Russia’s state news agency RIA Novosti reported that the Russian embassy in Kabul alleged on Monday that Ghani fled from Kabul with four cars and a helicopter full of cash. “The collapse of the regime … is most eloquently characterised by how Ghani escaped from Afghanistan: four cars were filled with money, they tried to shove another part of the money into a helicopter, but not everything fit. And some of the money was left lying on the tarmac,” embassy spokesman Nikita Ishchenko was quoted saying in the report.
Russian President Vladimir Putin’s special representative on Afghanistan, Zamir Kabulov, said on Monday Ghani’s flight from Kabul was “disgraceful,” and that the Afghan president “deserves to be brought to justice and held accountable by the Afghan people.”
Zhirnov said initially unarmed Taliban units had entered the capital and asked government and US forces to surrender their weapons and their main armed units entered later once Ghani fled and imposed a curfew.
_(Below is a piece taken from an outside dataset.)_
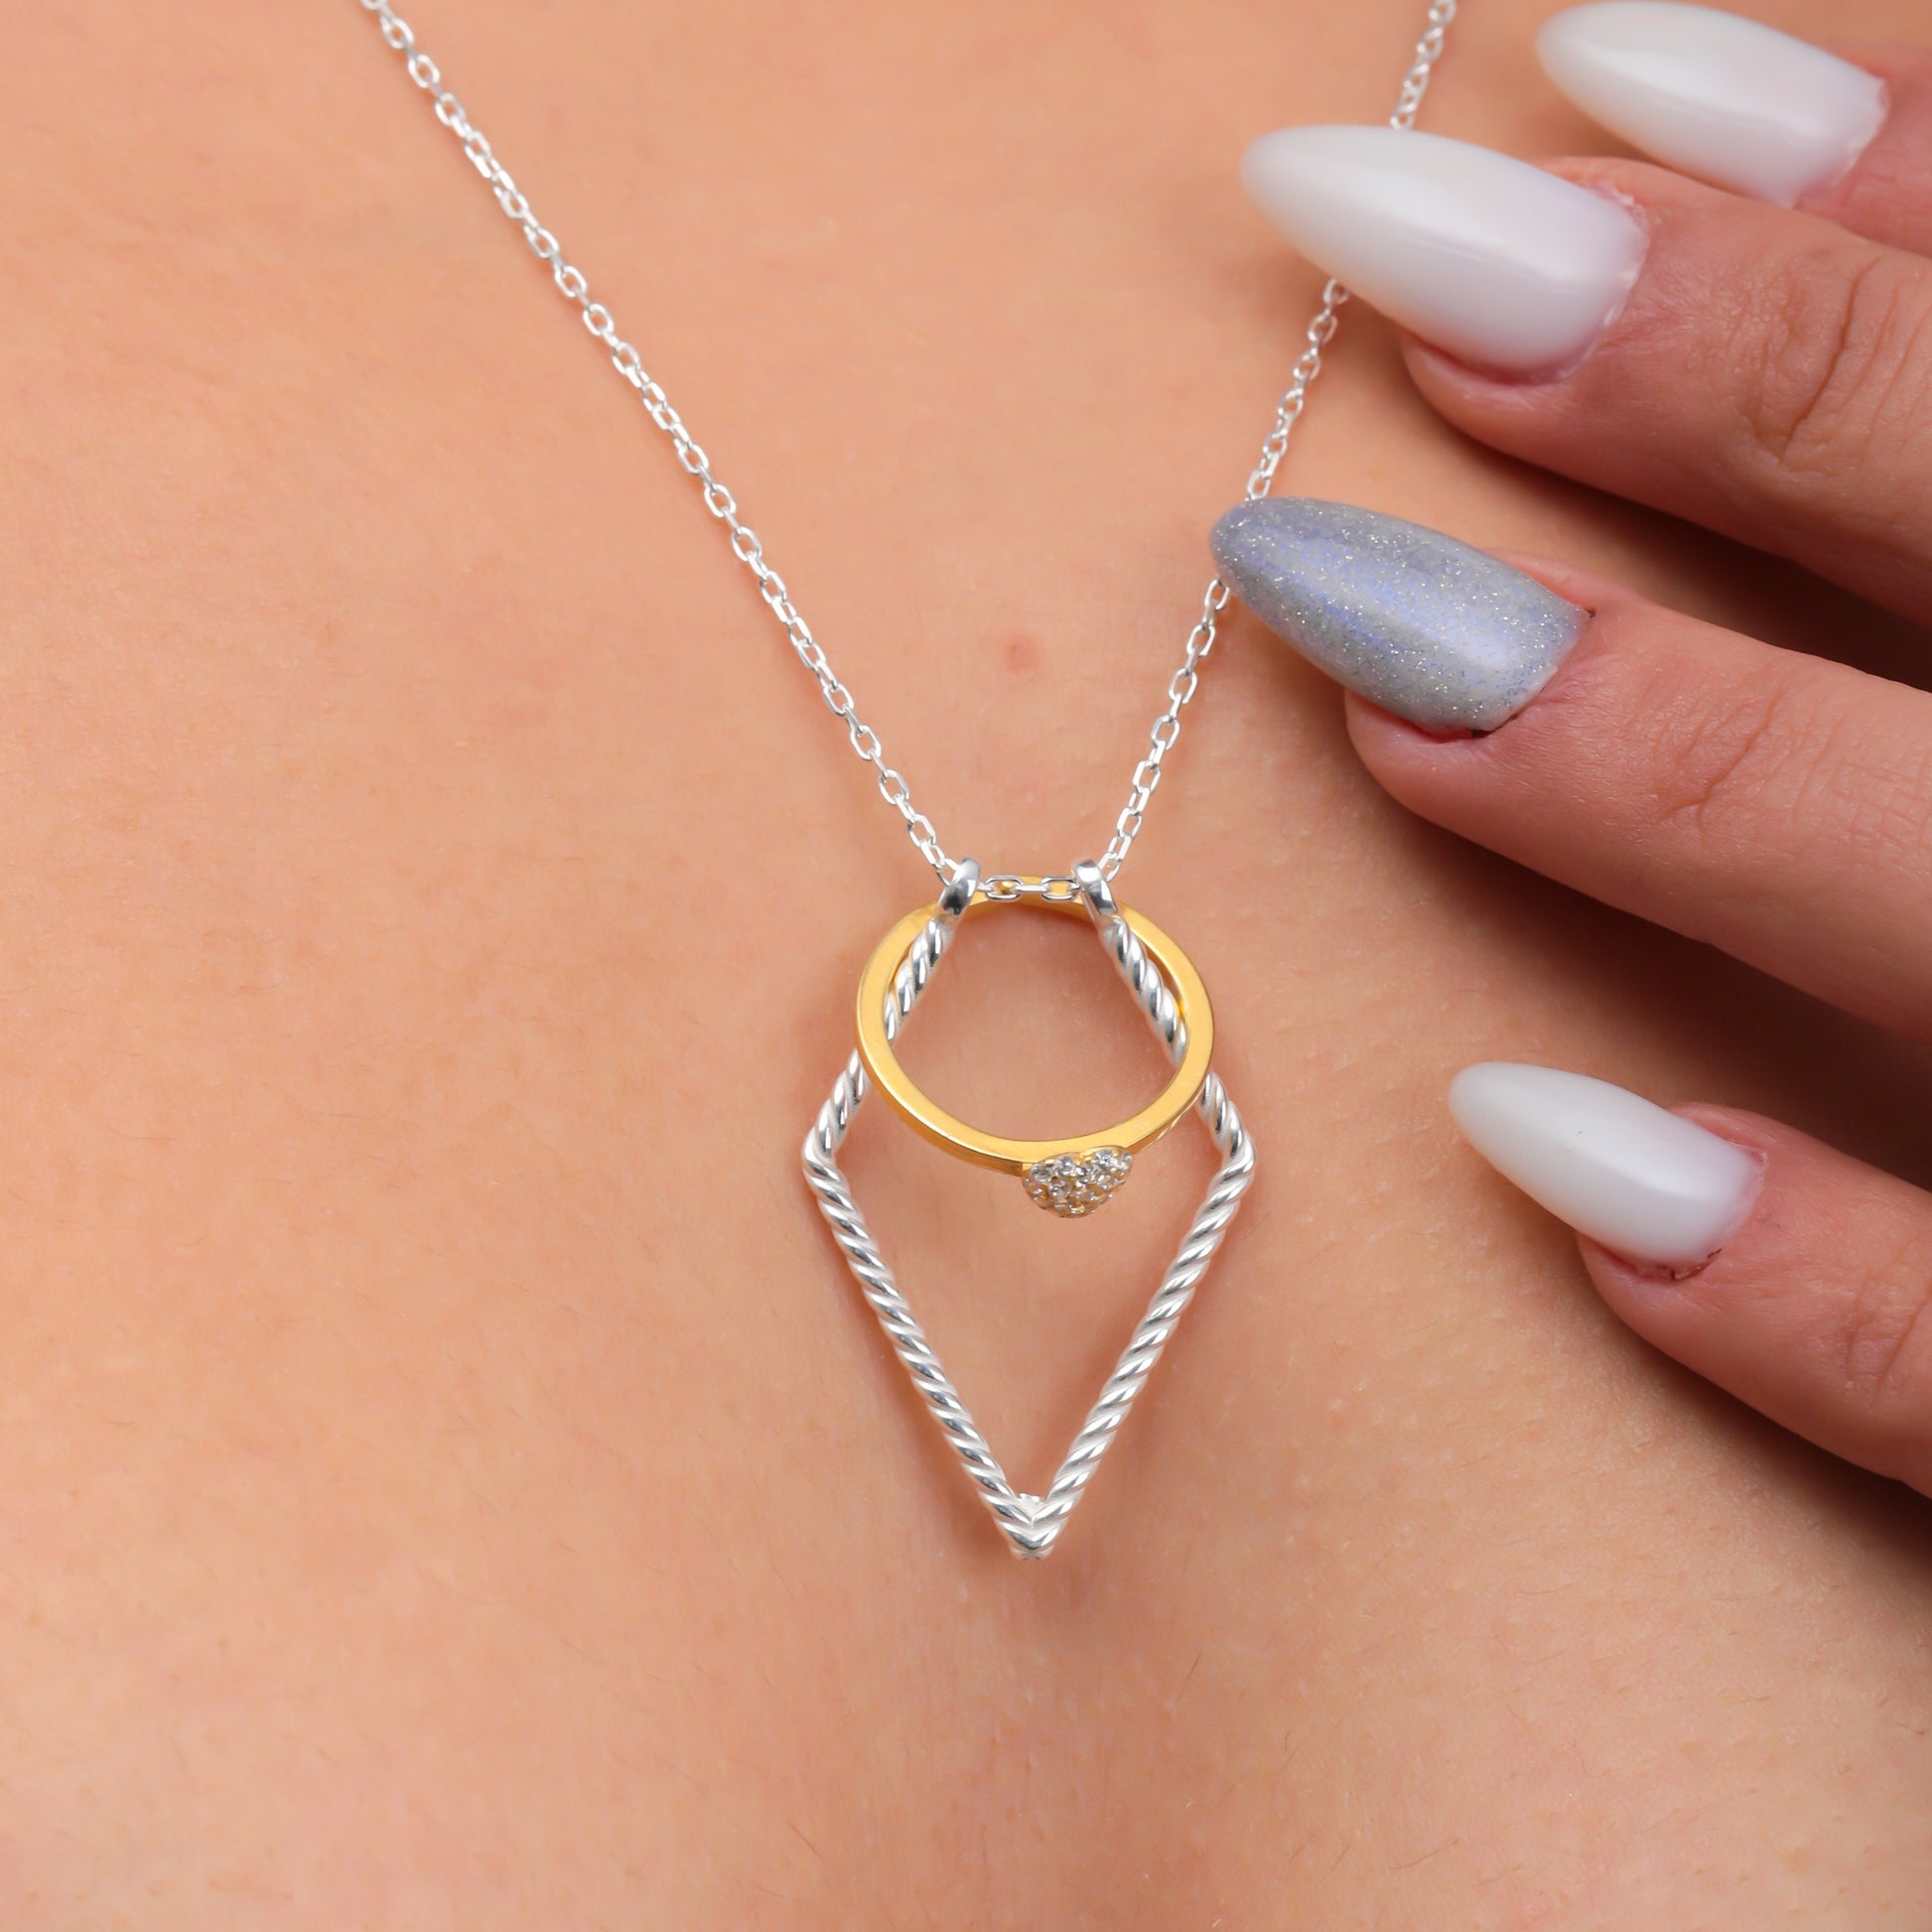 Ring Holder Necklace Geometric Thick Chain Option Ring Keeper Pendant Men Women Ring Holder Necklace Gift for Doctors Nurse Jewelry Sterling Silver /

The Russian ambassador added the Taliban have already taken control of the security perimeter of the Russian embassy, which has over 100 staff. He said he would hold detailed security talks with the Taliban on Tuesday.
The Taliban had promised, in line with earlier agreements, to protect Russian diplomats, he said. He said schools in Kabul, including those for girls, had started functioning again.
Russia has reached out to the Taliban in recent years and hosted its representatives in Moscow several times, most recently last month. The country once tried and failed to control the hardline Islamist group before the Soviet Union withdrew its last forces in 1989.
Kabulov said on Monday that Moscow’s long campaign to build ties with the Taliban appeared now to be paying off. “It’s not for nothing that we’ve been establishing contacts with the Taliban movement for the last seven years. We saw that this force would in the end if not completely come to power would play a leading role in the future of Afghanistan in any case,” Kabulov told Ekho Moskvy.
Kabulov said Russia would decide on recognising the new Taliban government based “on the conduct of the new authorities” and that his country “established working contacts with representatives of the new authorities”.